I just modified "A for awesome"'s version of apgsearch to read rule tables from your custom rules folder (g.getdata('rules')) instead of Golly's rules folder.

I call it "apgsearch-2015-12-20-v0.54+0.1i+0.1j.py":

[wildmyron]

I'm having trouble with the A for awesome's version of apgnano.

In this rule:

Code: Select all

@RULE testlife
@TABLE
[snip]

It classifies this:

Code: Select all

x = 5, y = 4, rule = testlife
o2bo$4bo$o3bo$b4o!

As "pathological"

I tried this out and it seems to work fine. Is every soup with an LWSS triggering the Pathological detection? It seems more likely to me that an LWSS is colliding with something after the soup was determined to be stable.
Can you provide the seed, symmetry and soup number where this occurs?

[gameoflifeboy]

In Move variants, apgsearch v0.54 + v0.1i reports gliders, even though the rule doesn't support them. I suspect the "gliders" it's reporting are actually "spinning gliders", a p4 oscillator in Move-like rules. In fact, the phase of the glider given by its apgcode is different from the spinning glider, which means apgsearch is recognizing the gliders by their wrong phase.
EDIT: I now think this is happening because glidersexist() doesn't get called on non-Life-like rules, but the gliders are getting detected anyway.

[drc]

In Move variants, apgsearch v0.54 + v0.1i reports gliders, even though the rule doesn't support them. I suspect the "gliders" it's reporting are actually "spinning gliders", a p4 oscillator in Move-like rules. In fact, the phase of the glider given by its apgcode is different from the spinning glider, which means apgsearch is recognizing the gliders by their wrong phase.

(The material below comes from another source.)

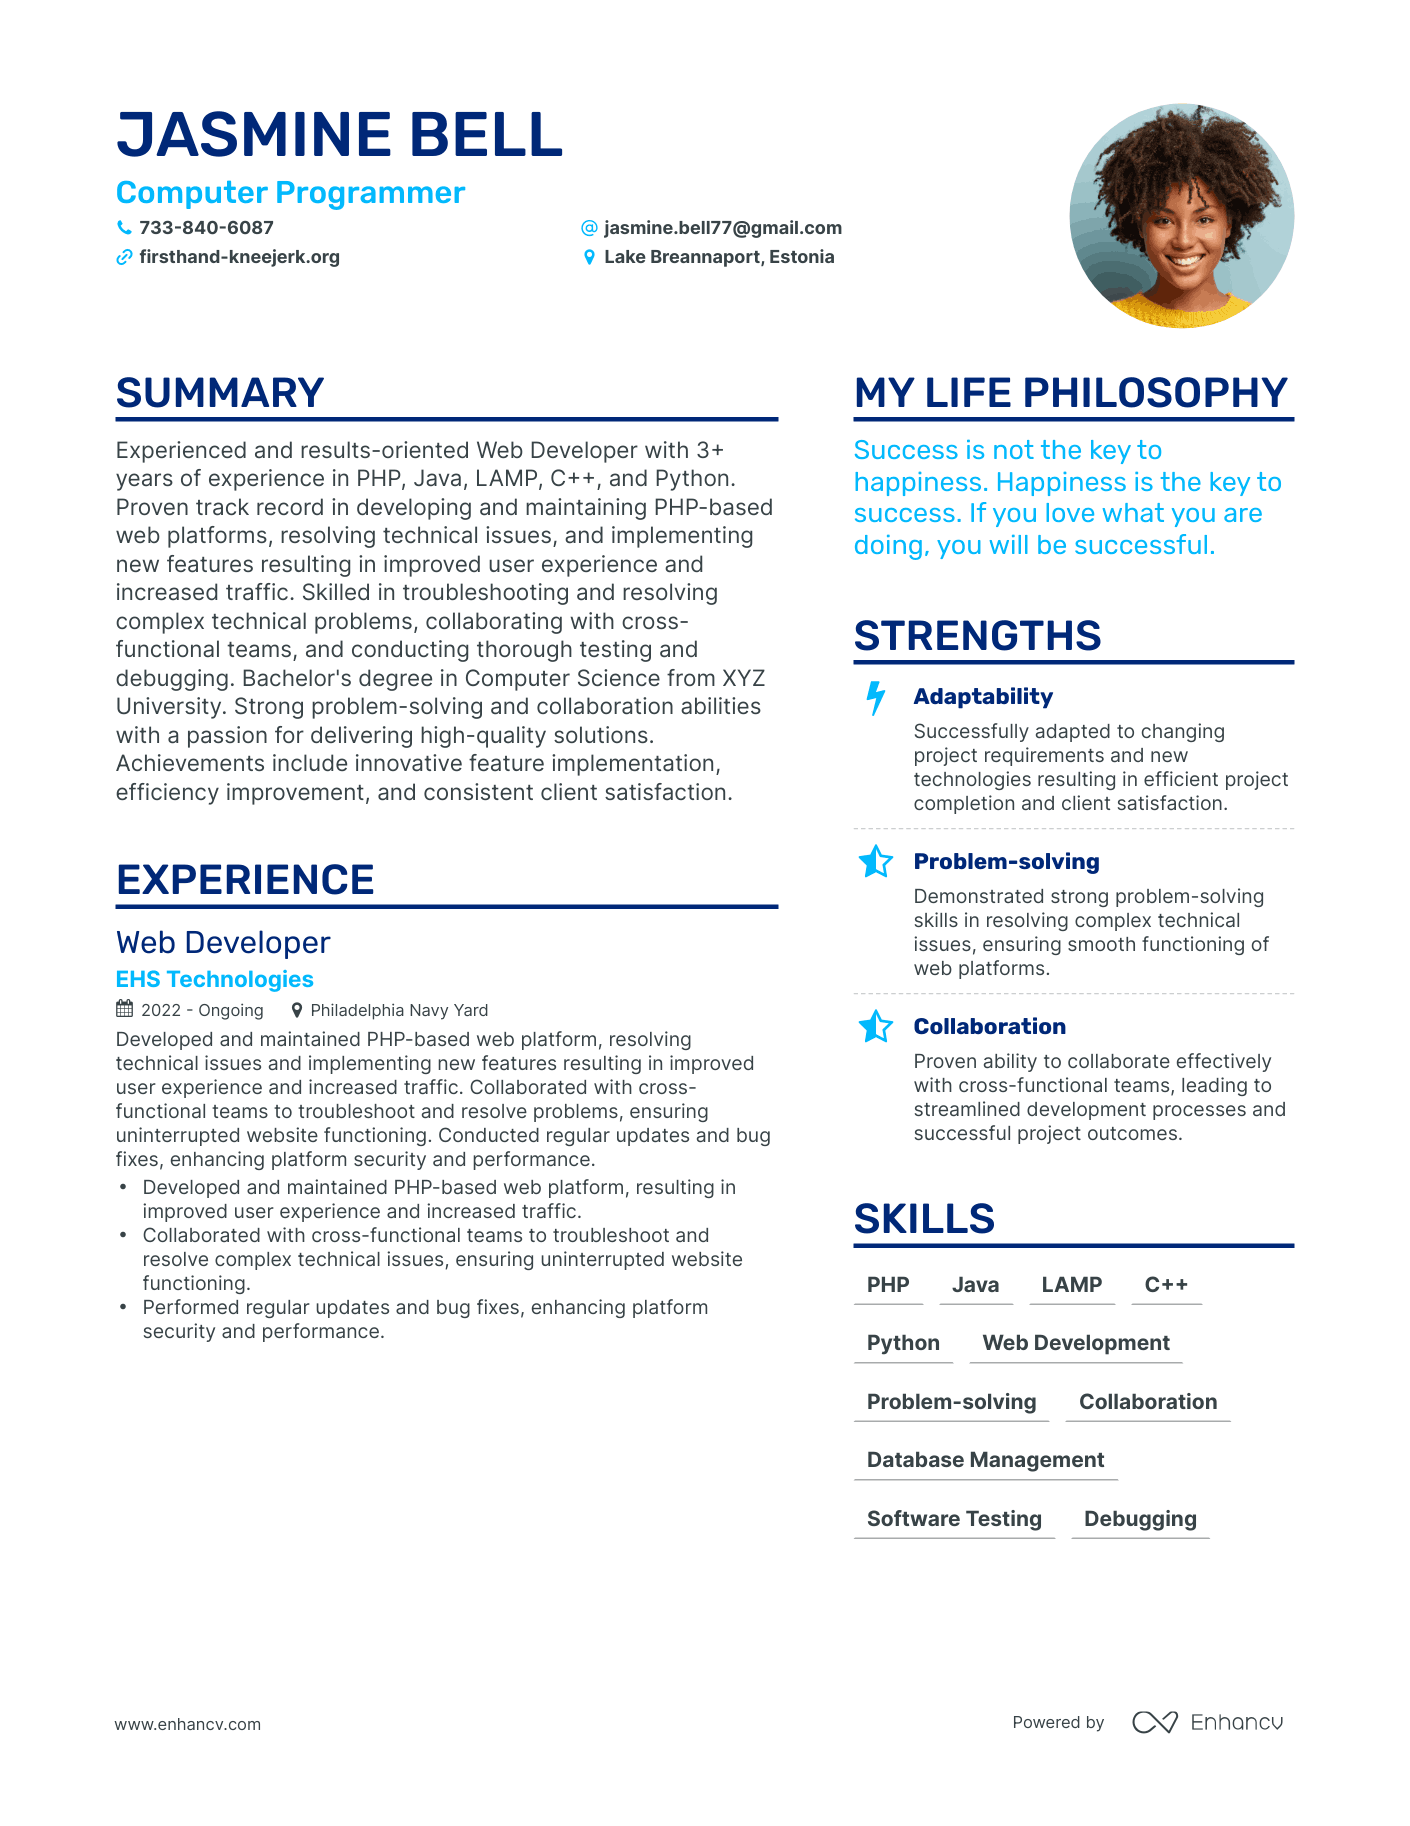 Computer Programmer resume example
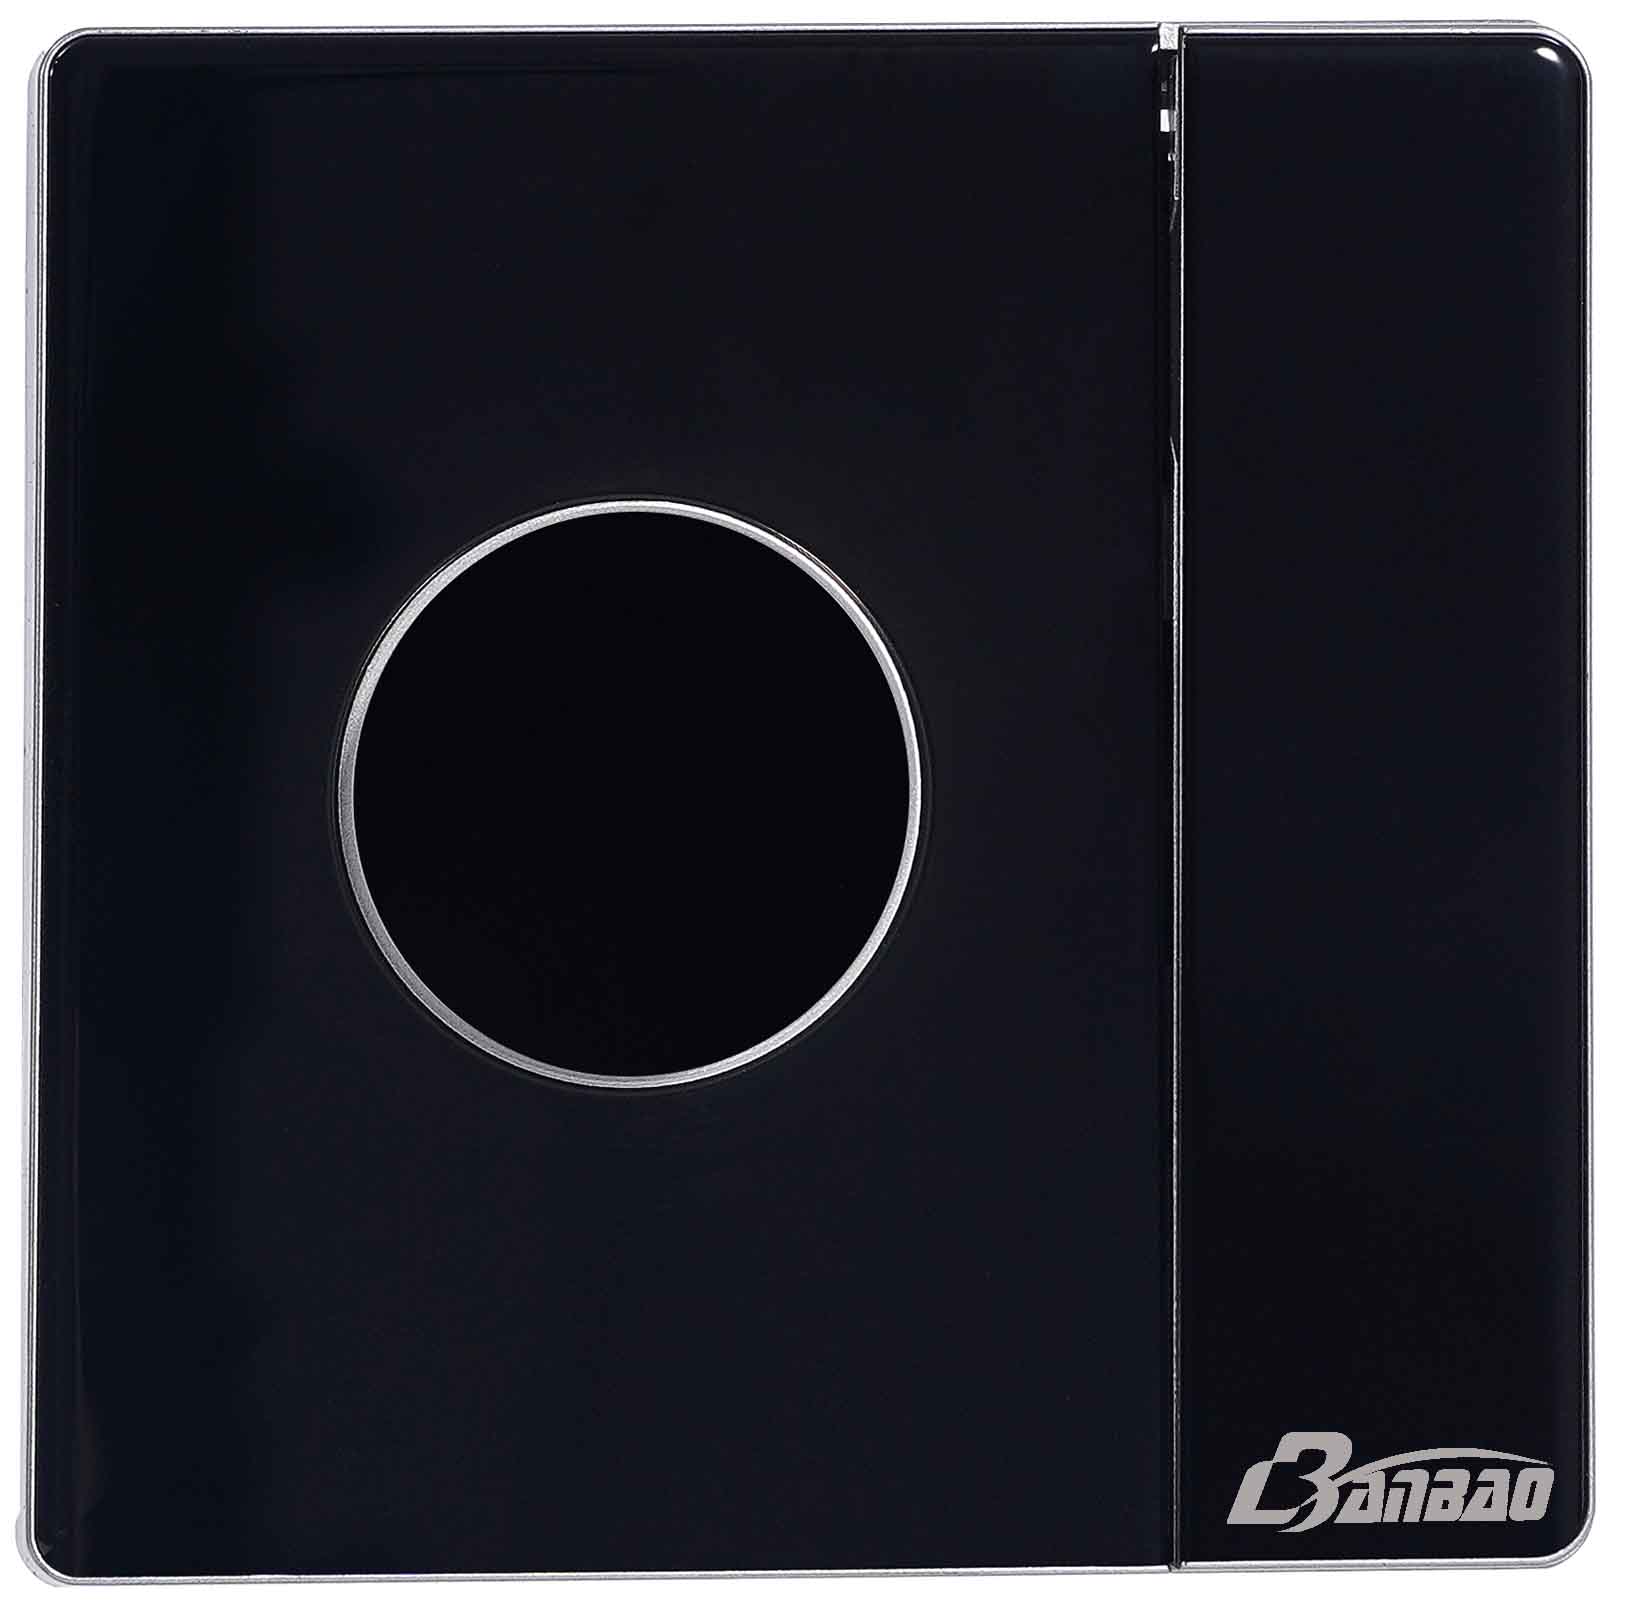 1gang Big Button 2 +3pin multi wall socket Black color Glass panel

I noticed that too, its weird

[praosylen]

In Move variants, apgsearch v0.54 + v0.1i reports gliders, even though the rule doesn't support them. I suspect the "gliders" it's reporting are actually "spinning gliders", a p4 oscillator in Move-like rules. In fact, the phase of the glider given by its apgcode is different from the spinning glider, which means apgsearch is recognizing the gliders by their wrong phase.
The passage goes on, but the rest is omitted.